In early November, following the previous month’s Communist Party national congress, at which “Xi Jinping Thought on Socialism with Chinese Characteristics for a New Era” was written into the party constitution, the CMC ordered the PLA to take Xi Jinping Thought as guidance and follow the absolute leadership of the party, Xinhua reported.
Heath agreed that political and geopolitical factors were at play.

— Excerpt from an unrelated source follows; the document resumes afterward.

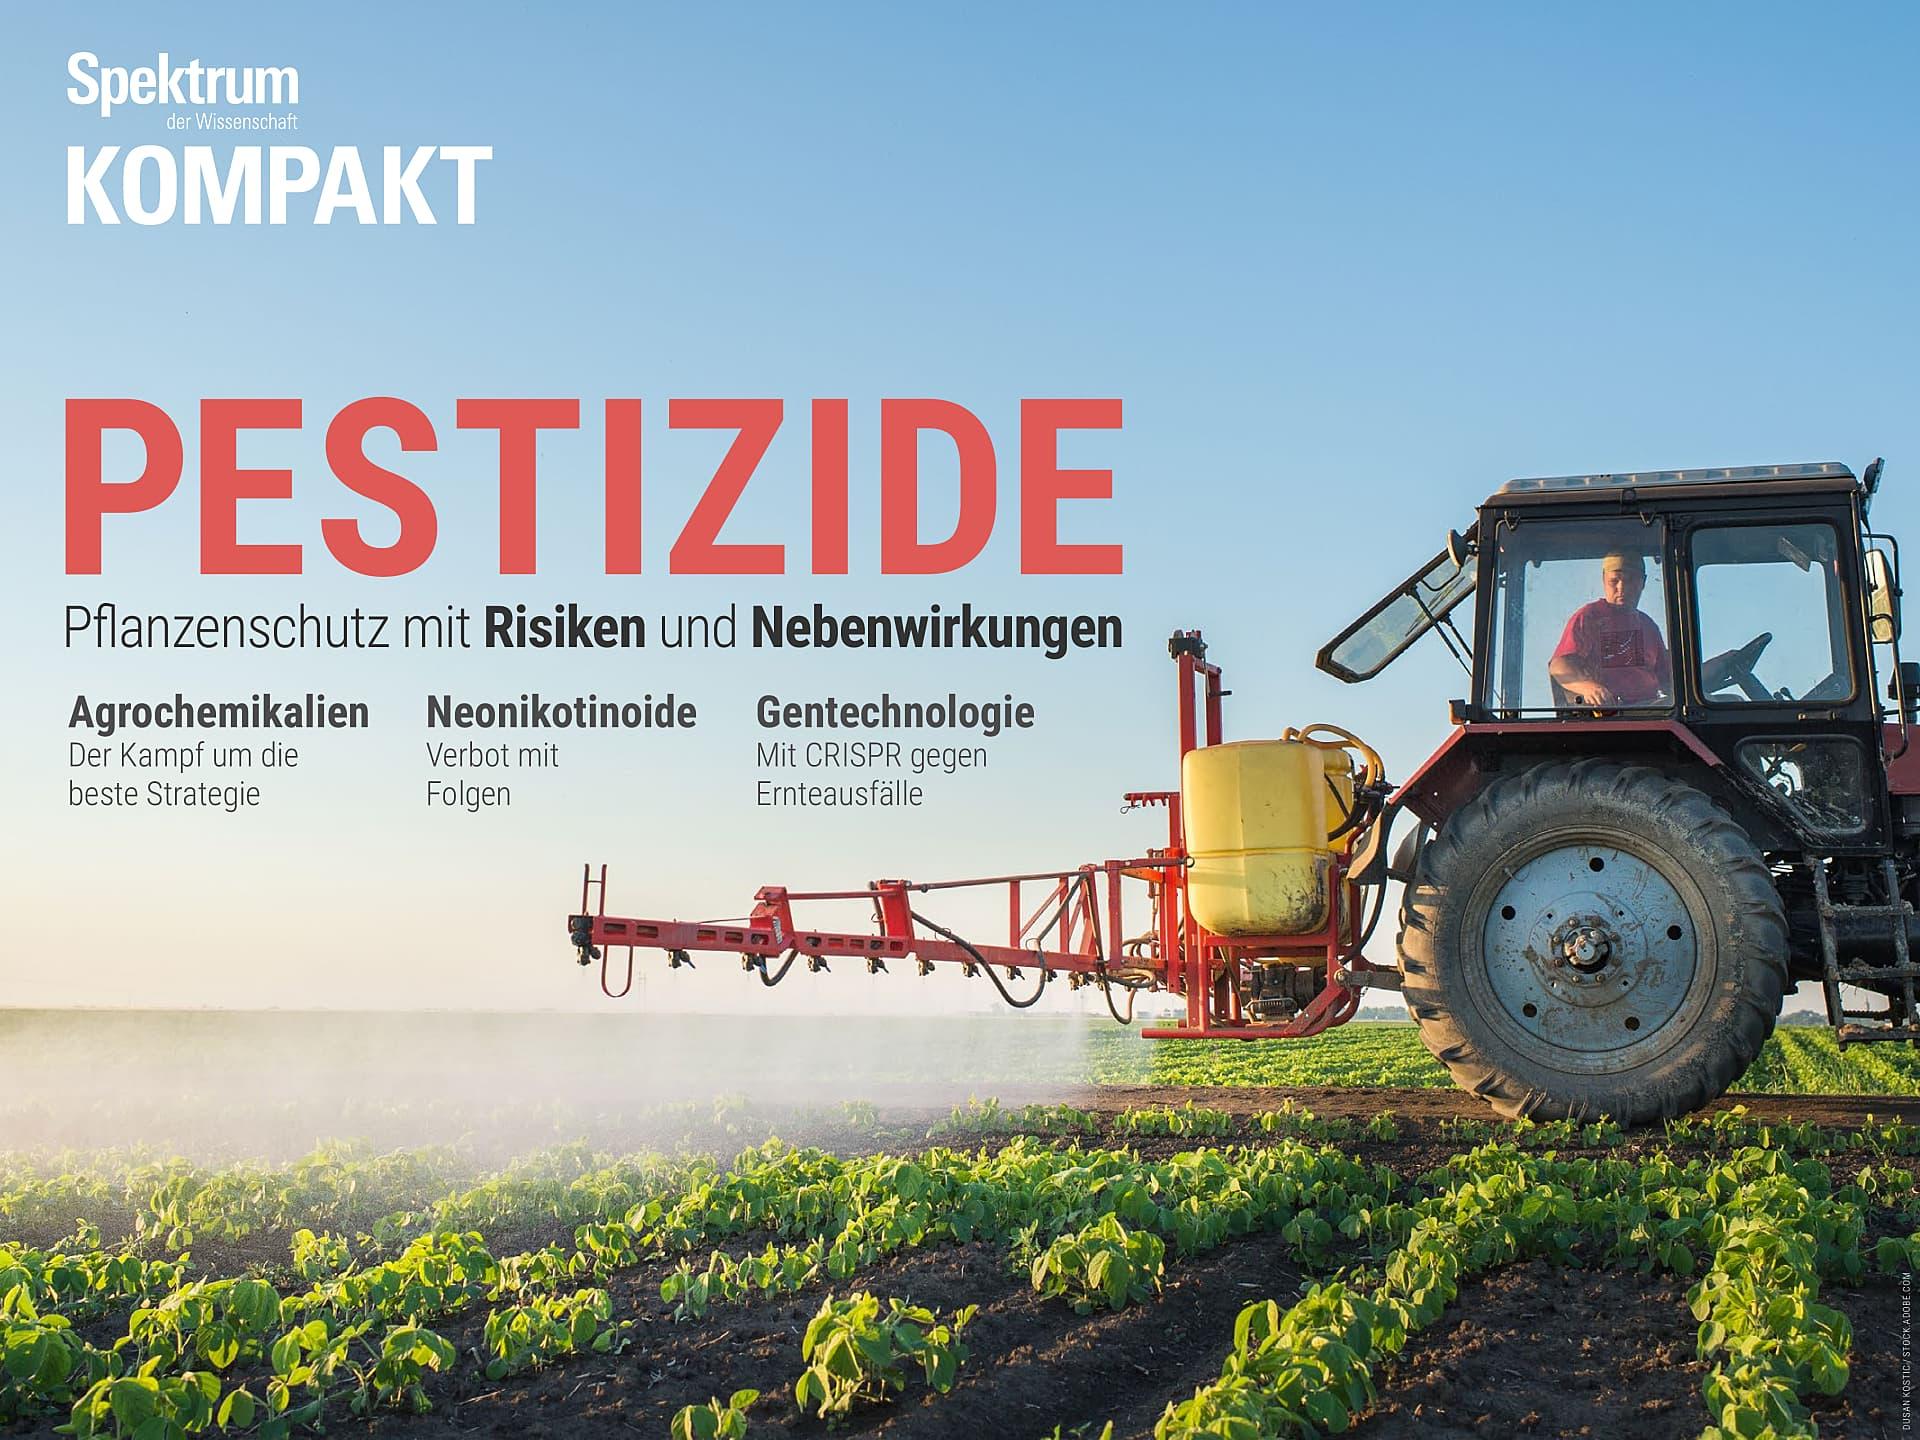 Pestizide - Pflanzenschutz mit Risiken und Nebenwirkungen

“First, as the armed wing of the Communist Party, Xi’s focus on improving the ruling party’s overall effectiveness as a governing party and reducing corruption meant the PLA also needed to improve its overall effectiveness and reduce corruption,” he said. “Second, as a great power with global interests, China will likely rely on the military to carry out more missions, some of which are beyond China’s borders, than in previous years.”
China’s military modernisation drive and expanded maritime ambition had led South Korea and Japan to consider basing F-35B short take-off and vertical-landing stealth fighters on amphibious assault ships, CNN reported last month.
Days earlier, two PLA Air Force H-6K bombers, two Su-30 fighters and a Yun-8 transport aircraft had passed through the Tsushima Strait and entered the Sea of Japan in what air force spokesman Shen Jinke described as “a routine operation.”
Macau-based military commentator Antony Wong Dong said the intensified training was aimed at deterring pro-independence forces in Taiwan and giving the PLA the wherewithal to retake the island if necessary. Beijing considers Taiwan a breakaway Chinese province and has never renounced the use of force as a means of reunification.
China has stepped up military exercises focusing on the island, with advanced bombers and fighters conducting “encirclement” patrols recently.
“Since half of the training targeted Taiwan implicitly or explicitly, a war, if it’s to break out one day, is most probably going to be a war to bring the island back to Beijing,” Wong said.
Relations between Beijing and Taipei have deteriorated since Tsai Ing-wen from the independence-leaning Democratic Progressive Party became the island’s president in 2016. She vowed last month to boost the island’s defence budget.